Your best bet, he concludes, is to buy gold:
One of Rosenberg’s key investment themes is to invest in physical gold, which he says is a very good hedge against the instability that would be brought on by the extremes of deflation and inflation. “If there is deflation and interest rates remain low or go negative, the opportunity cost of holding gold is nil. Then if there’s inflation, gold will do well as a store of value.”
He argued a strong case can be made over three or five years that stagflation will emerge as a secular theme coming from the pandemic crisis, once demand stabilizes. “Which means dusting off the 1970s playbook might not be a bad thing to thing to at least to start to think about. Either way, physical gold comes out a winner.”
5 comments:
"This assumes that Congress will never get its act together to launch an infrastructure building program. One suspects that Democrats will do everything in their power to forestall such an eventuality:..." Nailed it, you have! The Dems hate, Hate, HATE those who are NOT Dems.
"There's going to be a sharp reduction in travel to work, travel in general, that means fewer cars on the road, so all the ESG reasons to avoid energy before will now be accentuated."

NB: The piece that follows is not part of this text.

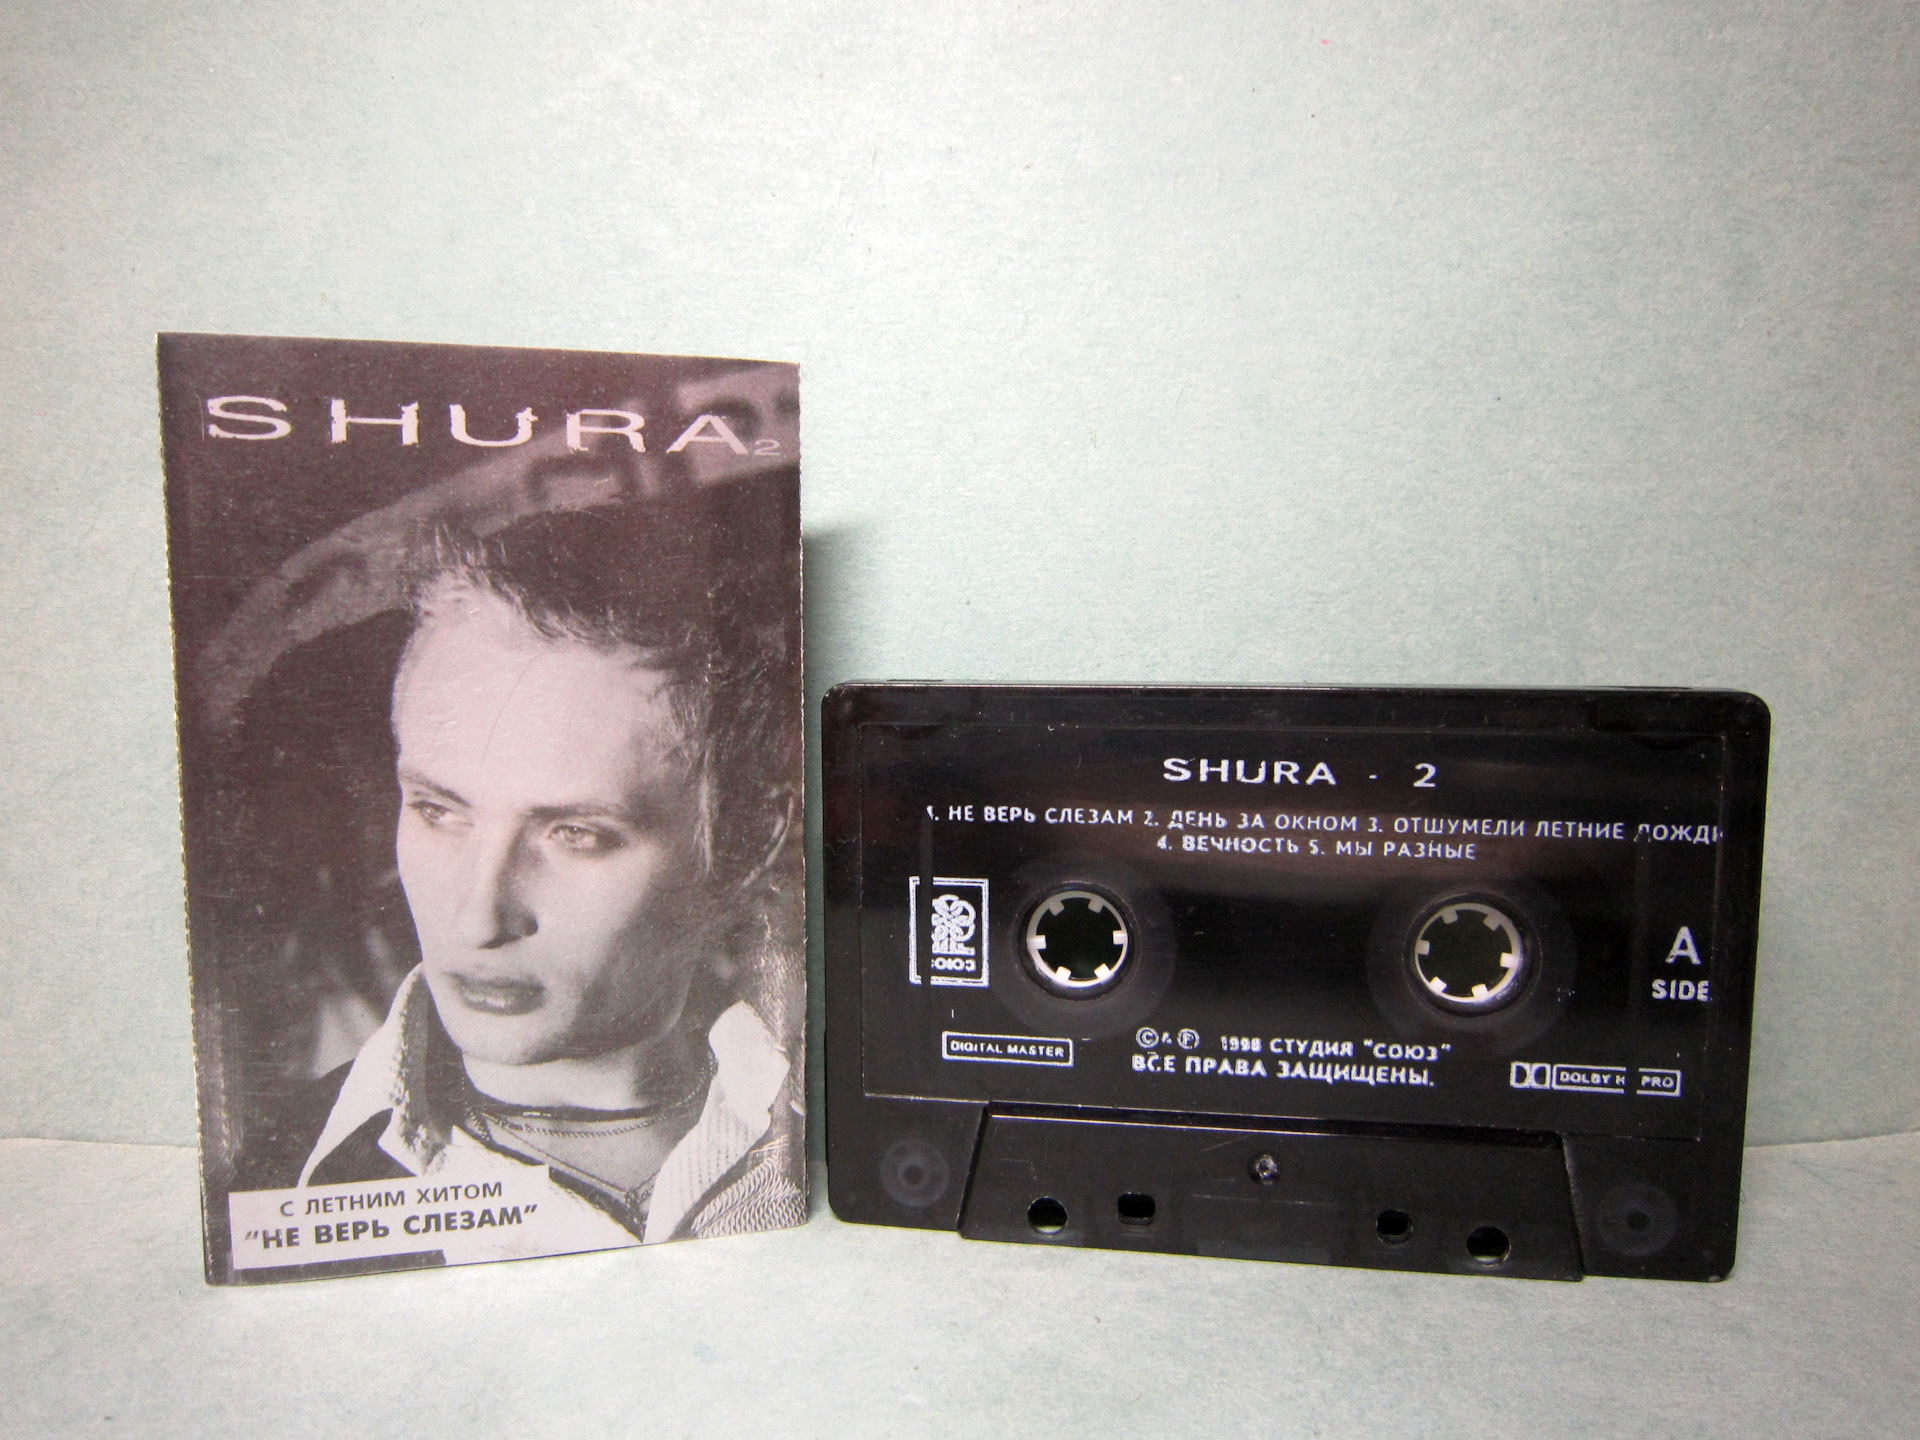 Что значит не верь слезам. Shura 2 Шура кассета. Аудиокассеты Шура. Обложка аудиокассеты Шура. Первая кассета Шуры.

Way oversimplified...energy isn't just oil, it is also consumed in the form of electricity, and an increasing % of electricity is made from natural gas. Nat gas isn't as easy to transport across oceans as oil is, but LNG ships and converters do make it possible, and emerging economies that need electricity find nat gas attractive...considerably less actual pollution than coal, for one thing.
The relationship between oil & nat gas is complex; a lot of gas comes from wells that also produce oil...so when wells are shut because oil prices are low, that acts to restrict supply of nat gas, and guess what that does to the prices?
I agree with David. What I want to know if how many forecasters and experts have blind spots about the reality of energy, especially carbon-based energy, because of the blinders that come with their economic and political class. In those circles, renewables are very close to being their theology.
Bearish sentiment often precedes a bull market. When everyone else is selling that is usually the time to buy.
Just my two cents but I wouldn't count out commercial real estate. Just because everyone discovered Zoom doesn't make it the all out winner. Personally, I have had just about enough of Zoom meetings. I would short the stock. We were forced into using it but you won't see a lot of Zoom fan clubs in the coming days.
Apple just completed building a $1 Billion dollar complex in Cupertino and they are going to say, hey, let's scuttle it and everyone work in their jammies? Nah.